Regulator decides Mitsui Europe had “serious” corporate governance problems

FSA Building

The FSA has fined London-based insurer Mitsui Sumitomo Insurance Company (Europe) £3.34m for “serious corporate governance failings.”

It has also banned the company’s former executive chairman Yohichi Kumagai and fined him £119,303.

The regulator decided that Mitsui Europe had breached its rules by not taking reasonable care to organize its business properly, while Kumagai had not controlled the company well enough to make sure it was compliant.

The FSA said Kumagai joined the London arm of Mitsui Europe as executive chairman 2009 on rotation from the Japan parent company, Mitsui Sumitomo Insurance Company (Japan).

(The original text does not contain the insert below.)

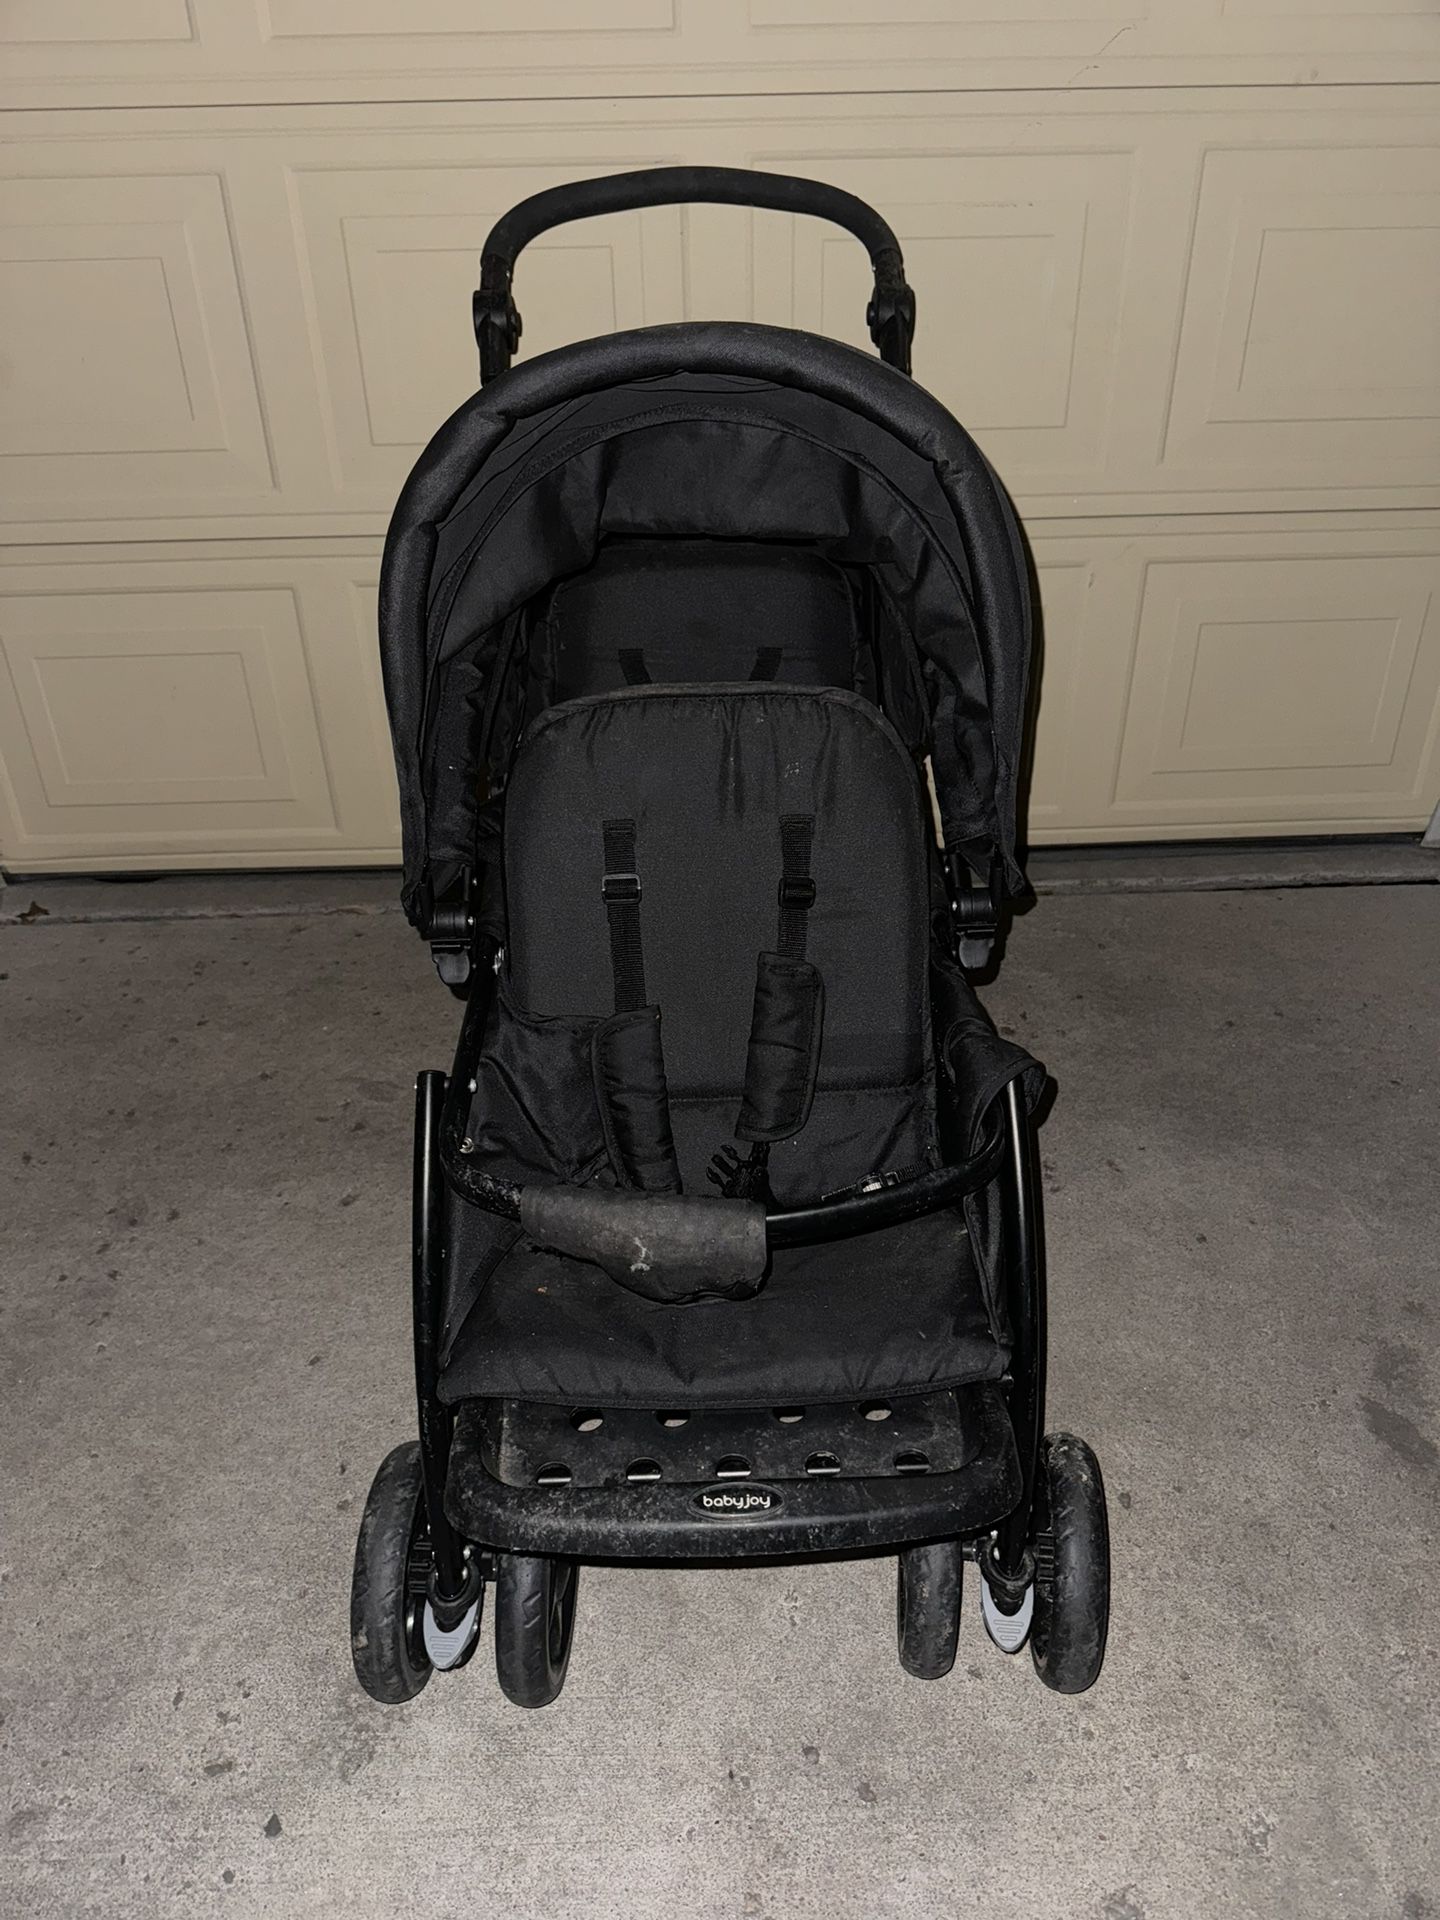 Babyjoy Double Stroller Foldable Baby Twin Lightweight Travel Stroller Infant Pushchair Black

Often these rotated staff knew little of non-Japanese insurance, the regulator said.

After Kumagai joined, the FSA wrote to him and Mitsui warning that Mitsui’s planned expansion into European markets would need a skilful and experienced board of directors to identify any risks.

The FSA said that despite this warning Kumagai did not make sure that the staff on the Mitsui Europe board had enough experience, knowledge or time to do their jobs properly.

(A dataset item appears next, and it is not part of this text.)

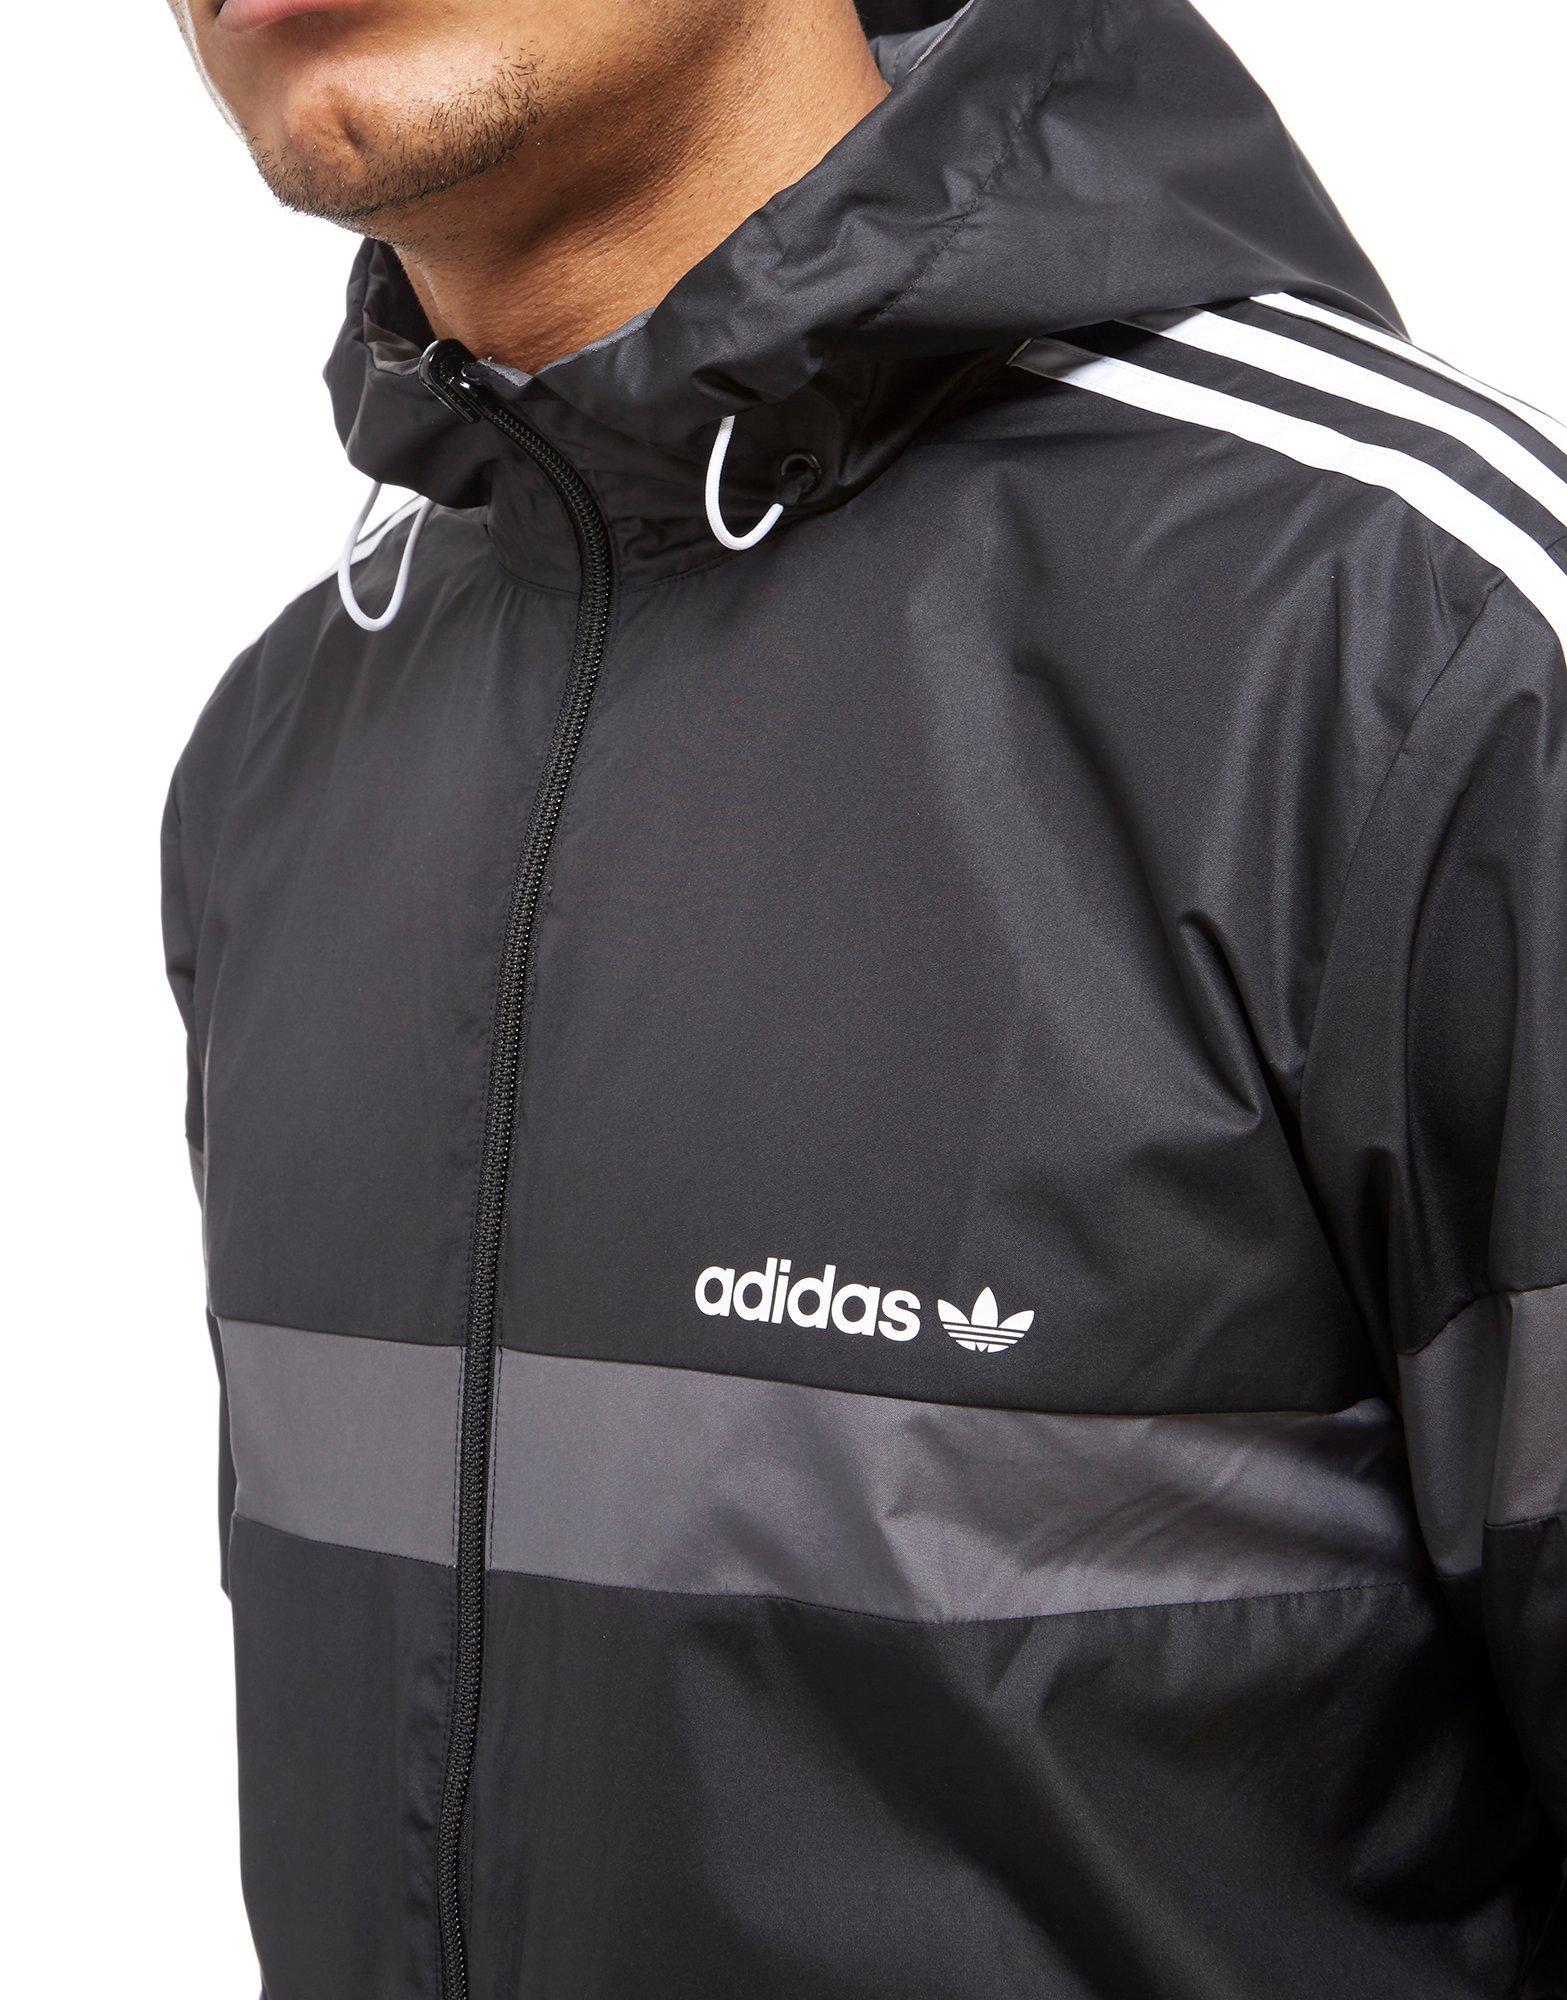 adidas originals itasca reversible jacket black

For example, he failed to appoint a chief underwriting officer and did not roll out a new IT system well enough, according to the FSA.

The FSA said: “These were significant failings of corporate governance and control arrangements.” 

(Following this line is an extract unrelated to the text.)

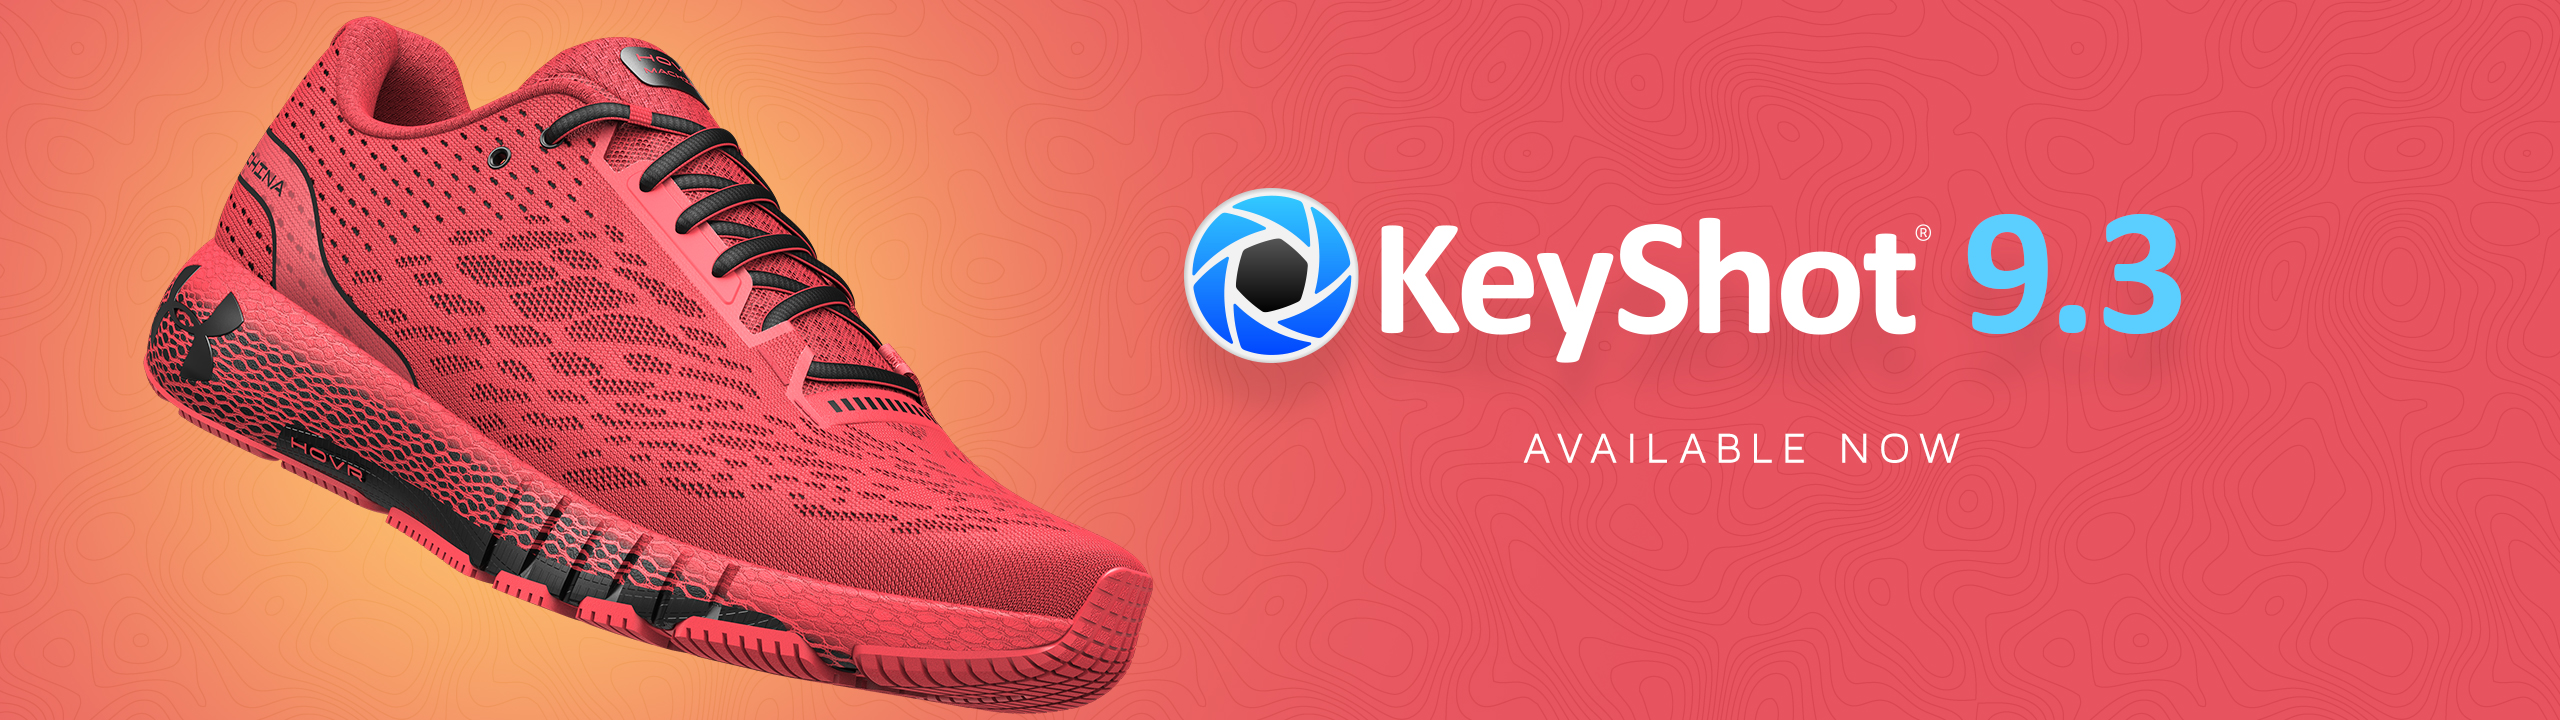 KeyShot 9.3 Now Available

Acting FSA director of enforcement and financial crime Tracey McDermott said:

“Senior management must take responsibility for the firms that they run. Kumagai failed to respond adequately to the changing risks facing his business even after they had been pointed out by the FSA.” 

McDermott fired a warning shot to all financial services firms following the fine. She said: “If those who hold senior positions in financial services firms had had any doubt about how seriously we view their regulatory responsibilities, this fine and ban should make our position crystal clear.”